One of the most commonly used techniques to enhance the efficiency of AI models is quantization. This method involves reducing the number of bits required to represent information in a computer. To put it simply, it’s like saying “noon” instead of the exact time with all the seconds and milliseconds. The level of precision needed depends on the situation.
AI models consist of various components that can be quantized, especially parameters that are crucial for making predictions. Quantized models with fewer bits are less mathematically and computationally demanding when running. However, there are trade-offs associated with quantization that are now becoming more apparent.
A recent study by researchers from Harvard, Stanford, MIT, Databricks, and Carnegie Mellon revealed that quantized models may perform poorly if the original unquantized model was trained over an extended period with large amounts of data. This suggests that at a certain point, training a smaller model from scratch might be more effective than quantizing a larger one.
This could pose challenges for AI companies that train massive models for better accuracy and then try to quantize them to reduce costs.

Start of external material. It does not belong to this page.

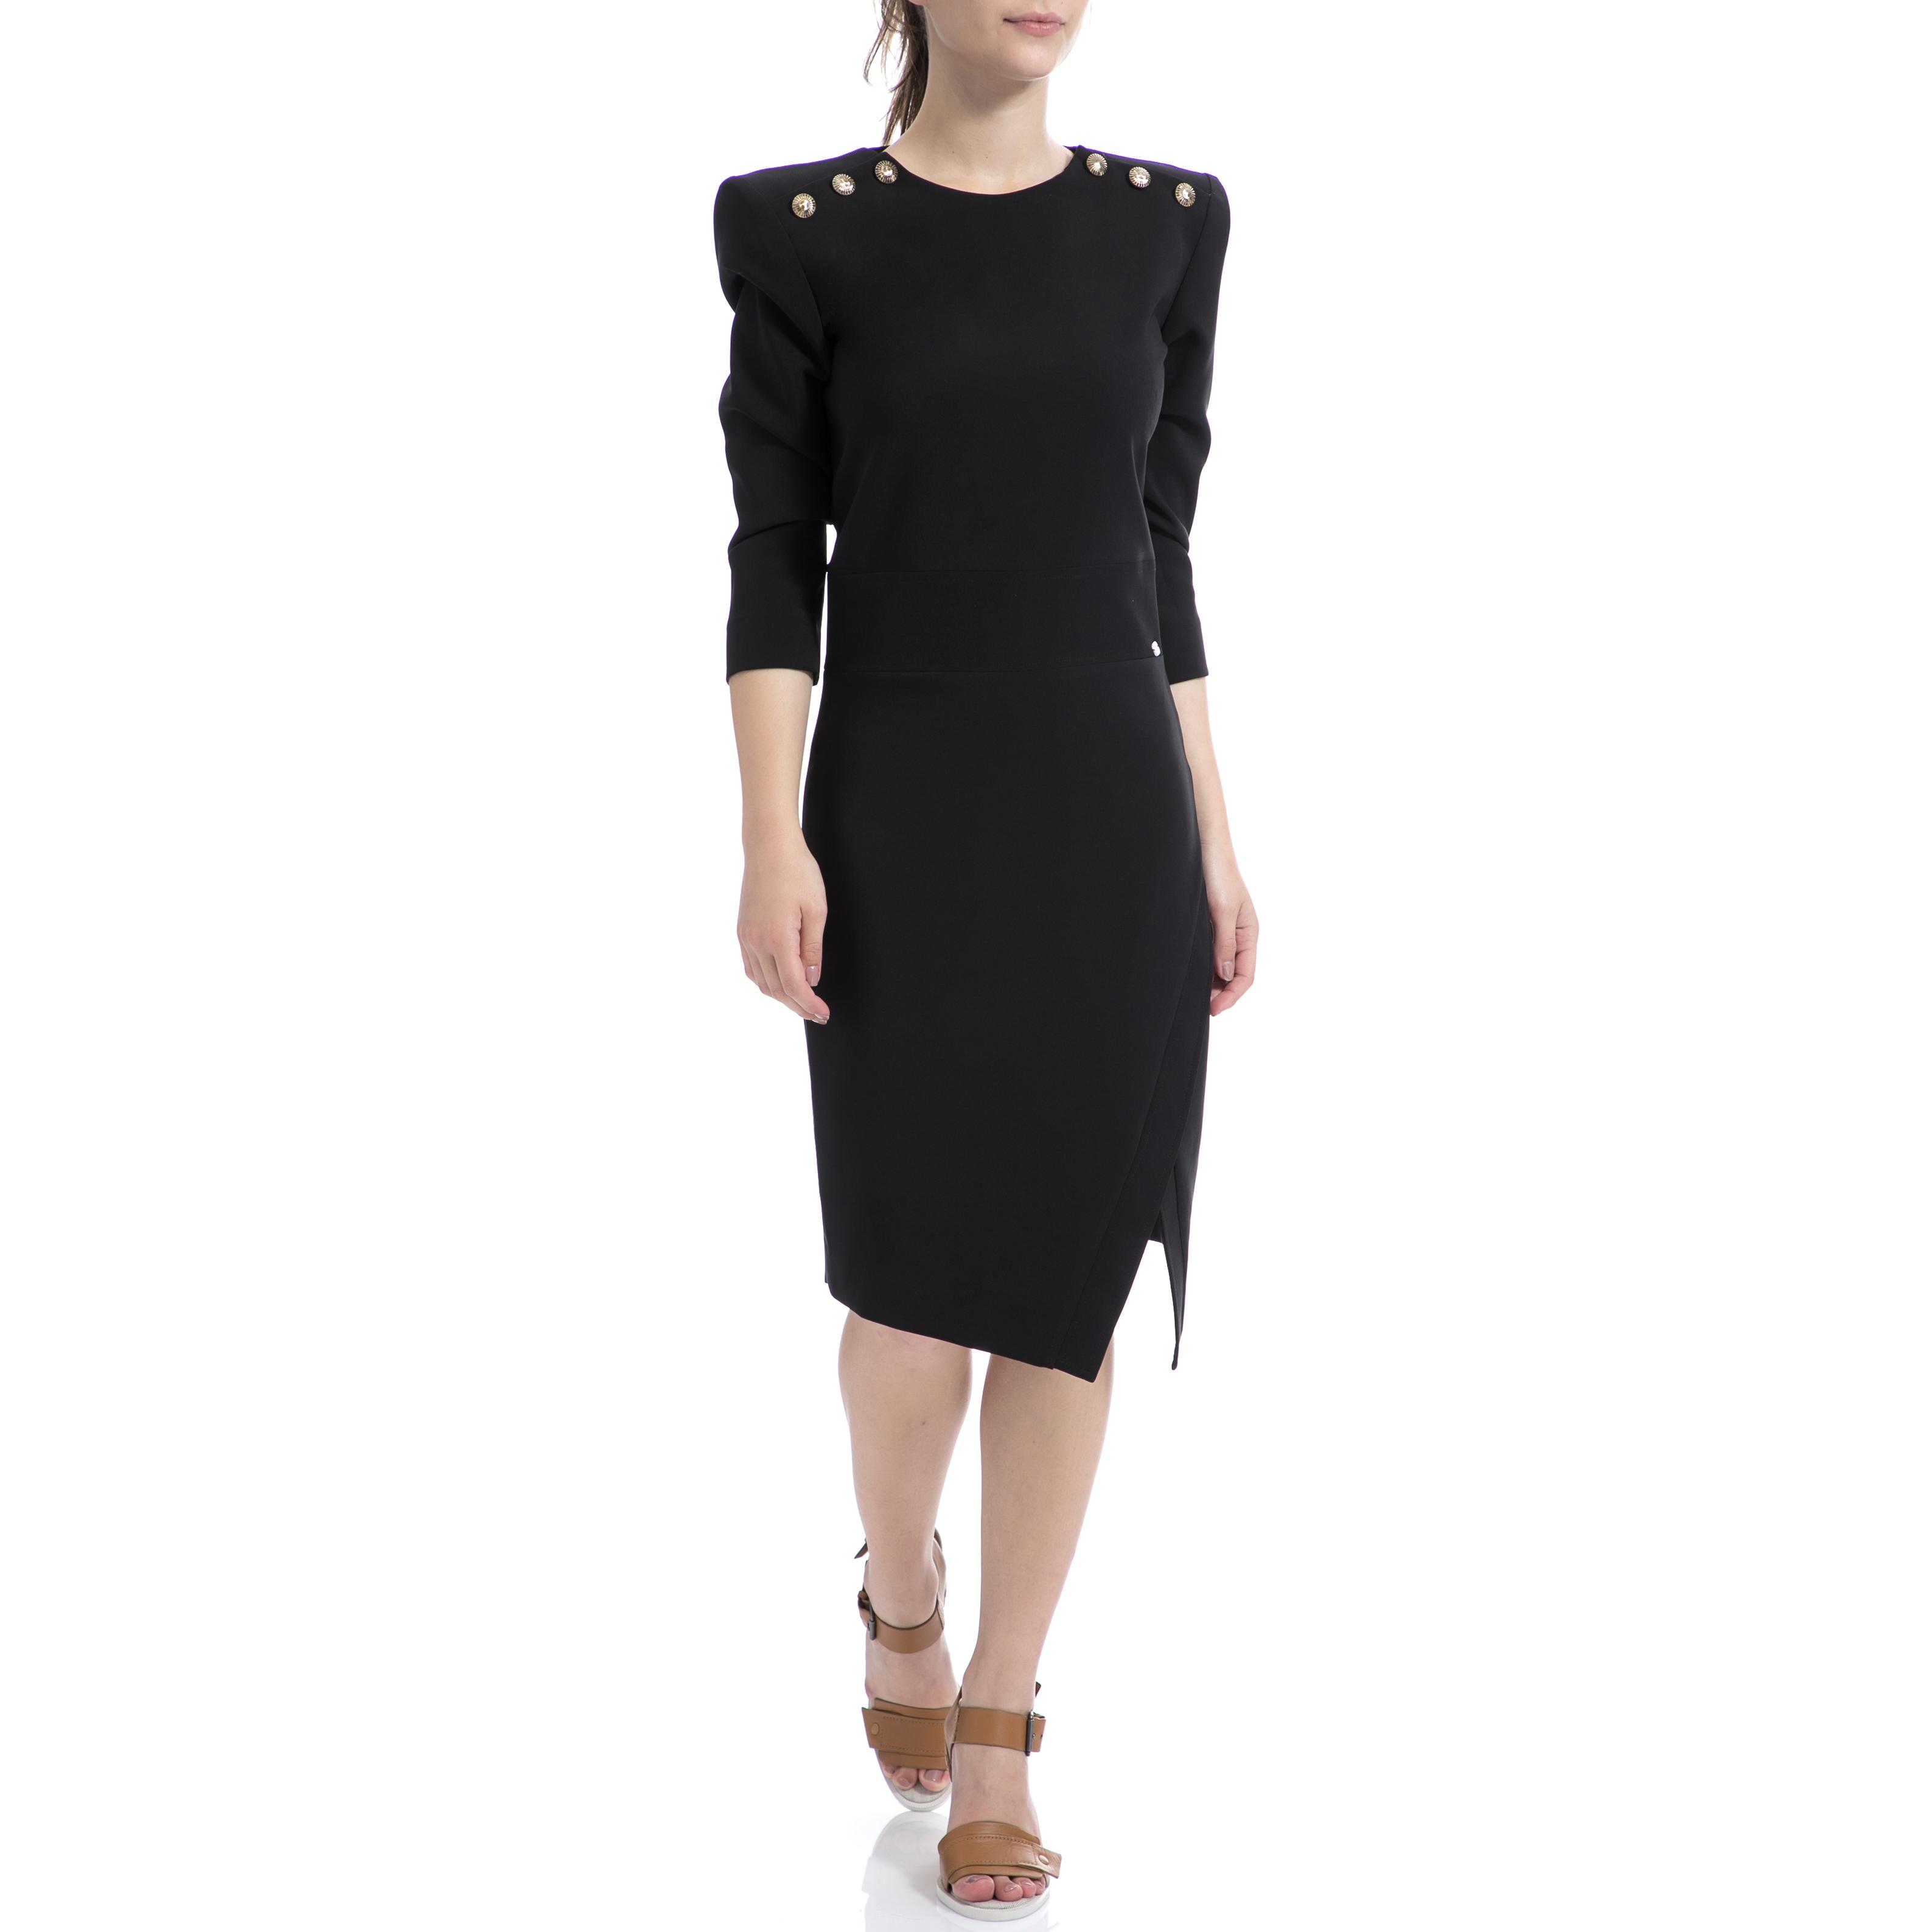 DENNY ROSE – Γυναικείο φόρεμα Denny Rose μαύρο

The impact of this is already being seen, with reports indicating that quantizing certain models, like Meta’s Llama 3, can have detrimental effects due to their training methods.
While many AI labs focus on training models on vast datasets to enhance AI capabilities, there is evidence that scaling up eventually reaches a point of diminishing returns. Despite this, the industry seems reluctant to move away from this approach.
To address the degradation of quantized models, researchers suggest training models in low precision to improve robustness. Precision refers to the number of digits a numerical data type can accurately represent. Most models today are trained at 16-bit or half precision and post-train quantized to 8-bit precision for efficiency.
Although hardware vendors like Nvidia advocate for lower precision for quantized model inference, extremely low precision may lead to a significant drop in quality unless the model is exceptionally large. This highlights the complexity of AI models and the limitations of reducing precision without impacting performance.
In conclusion, reducing inference costs through quantization has its limitations, and there is no one-size-fits-all solution. Researchers emphasize the importance of understanding the trade-offs involved in quantization and the need for new architectures to stabilize low precision training. By focusing on meticulous data curation and filtering, along with developing new architectures, the future of AI models could be more efficient and effective.